- _What you are asked to do_:
Set down word for word the lines that begin the entries and run through the line containing "Mexiko, Puerto Vallarta, Jalisco, musikpavillon". Give nothing further.

◆ ◆ ◆

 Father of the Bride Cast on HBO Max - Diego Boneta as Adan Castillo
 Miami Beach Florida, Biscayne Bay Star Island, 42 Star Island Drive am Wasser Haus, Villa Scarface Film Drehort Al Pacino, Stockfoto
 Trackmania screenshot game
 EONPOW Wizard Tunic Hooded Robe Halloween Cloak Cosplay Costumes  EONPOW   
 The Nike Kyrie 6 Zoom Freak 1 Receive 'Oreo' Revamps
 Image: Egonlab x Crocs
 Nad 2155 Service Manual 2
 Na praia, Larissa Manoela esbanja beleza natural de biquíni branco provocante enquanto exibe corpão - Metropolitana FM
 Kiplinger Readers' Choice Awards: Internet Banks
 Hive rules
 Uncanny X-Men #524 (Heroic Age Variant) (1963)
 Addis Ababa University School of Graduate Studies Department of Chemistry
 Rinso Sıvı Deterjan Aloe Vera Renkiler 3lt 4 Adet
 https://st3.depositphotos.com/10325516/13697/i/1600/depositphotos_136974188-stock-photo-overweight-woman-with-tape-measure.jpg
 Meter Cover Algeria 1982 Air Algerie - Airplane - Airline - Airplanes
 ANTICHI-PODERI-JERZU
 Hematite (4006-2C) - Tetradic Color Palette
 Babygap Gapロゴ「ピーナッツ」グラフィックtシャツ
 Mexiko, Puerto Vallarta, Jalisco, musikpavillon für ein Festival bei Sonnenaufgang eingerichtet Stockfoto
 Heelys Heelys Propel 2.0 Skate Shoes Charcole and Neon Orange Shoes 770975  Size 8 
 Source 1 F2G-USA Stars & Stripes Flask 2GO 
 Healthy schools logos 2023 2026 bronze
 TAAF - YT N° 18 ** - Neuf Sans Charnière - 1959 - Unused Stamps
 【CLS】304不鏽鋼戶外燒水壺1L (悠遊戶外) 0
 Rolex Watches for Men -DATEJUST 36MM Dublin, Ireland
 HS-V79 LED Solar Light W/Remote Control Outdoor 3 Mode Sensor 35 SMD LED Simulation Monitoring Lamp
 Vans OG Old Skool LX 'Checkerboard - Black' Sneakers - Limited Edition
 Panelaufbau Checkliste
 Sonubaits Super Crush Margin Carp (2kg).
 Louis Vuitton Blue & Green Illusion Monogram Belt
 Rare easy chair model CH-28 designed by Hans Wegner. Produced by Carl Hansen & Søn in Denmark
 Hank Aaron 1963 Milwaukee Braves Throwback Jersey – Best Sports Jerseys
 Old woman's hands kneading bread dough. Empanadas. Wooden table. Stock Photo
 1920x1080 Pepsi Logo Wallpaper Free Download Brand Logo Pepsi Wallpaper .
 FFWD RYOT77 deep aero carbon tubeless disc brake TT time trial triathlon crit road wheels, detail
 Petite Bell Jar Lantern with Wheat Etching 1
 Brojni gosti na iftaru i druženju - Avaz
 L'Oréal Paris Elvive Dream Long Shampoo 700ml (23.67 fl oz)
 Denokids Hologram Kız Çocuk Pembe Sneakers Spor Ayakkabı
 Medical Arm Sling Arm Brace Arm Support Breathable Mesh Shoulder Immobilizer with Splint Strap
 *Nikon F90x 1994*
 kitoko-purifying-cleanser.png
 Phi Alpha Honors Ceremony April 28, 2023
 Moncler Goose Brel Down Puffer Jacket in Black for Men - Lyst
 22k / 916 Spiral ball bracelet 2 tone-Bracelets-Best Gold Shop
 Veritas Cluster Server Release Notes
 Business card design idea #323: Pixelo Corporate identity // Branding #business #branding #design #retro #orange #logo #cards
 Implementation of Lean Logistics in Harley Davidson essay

◆ ◆ ◆

- _Solved exercise_:
 Father of the Bride Cast on HBO Max - Diego Boneta as Adan Castillo
 Miami Beach Florida, Biscayne Bay Star Island, 42 Star Island Drive am Wasser Haus, Villa Scarface Film Drehort Al Pacino, Stockfoto
 Trackmania screenshot game
 EONPOW Wizard Tunic Hooded Robe Halloween Cloak Cosplay Costumes  EONPOW   
 The Nike Kyrie 6 Zoom Freak 1 Receive 'Oreo' Revamps
 Image: Egonlab x Crocs
 Nad 2155 Service Manual 2
 Na praia, Larissa Manoela esbanja beleza natural de biquíni branco provocante enquanto exibe corpão - Metropolitana FM
 Kiplinger Readers' Choice Awards: Internet Banks
 Hive rules
 Uncanny X-Men #524 (Heroic Age Variant) (1963)
 Addis Ababa University School of Graduate Studies Department of Chemistry
 Rinso Sıvı Deterjan Aloe Vera Renkiler 3lt 4 Adet
 https://st3.depositphotos.com/10325516/13697/i/1600/depositphotos_136974188-stock-photo-overweight-woman-with-tape-measure.jpg
 Meter Cover Algeria 1982 Air Algerie - Airplane - Airline - Airplanes
 ANTICHI-PODERI-JERZU
 Hematite (4006-2C) - Tetradic Color Palette
 Babygap Gapロゴ「ピーナッツ」グラフィックtシャツ
 Mexiko, Puerto Vallarta, Jalisco, musikpavillon für ein Festival bei Sonnenaufgang eingerichtet Stockfoto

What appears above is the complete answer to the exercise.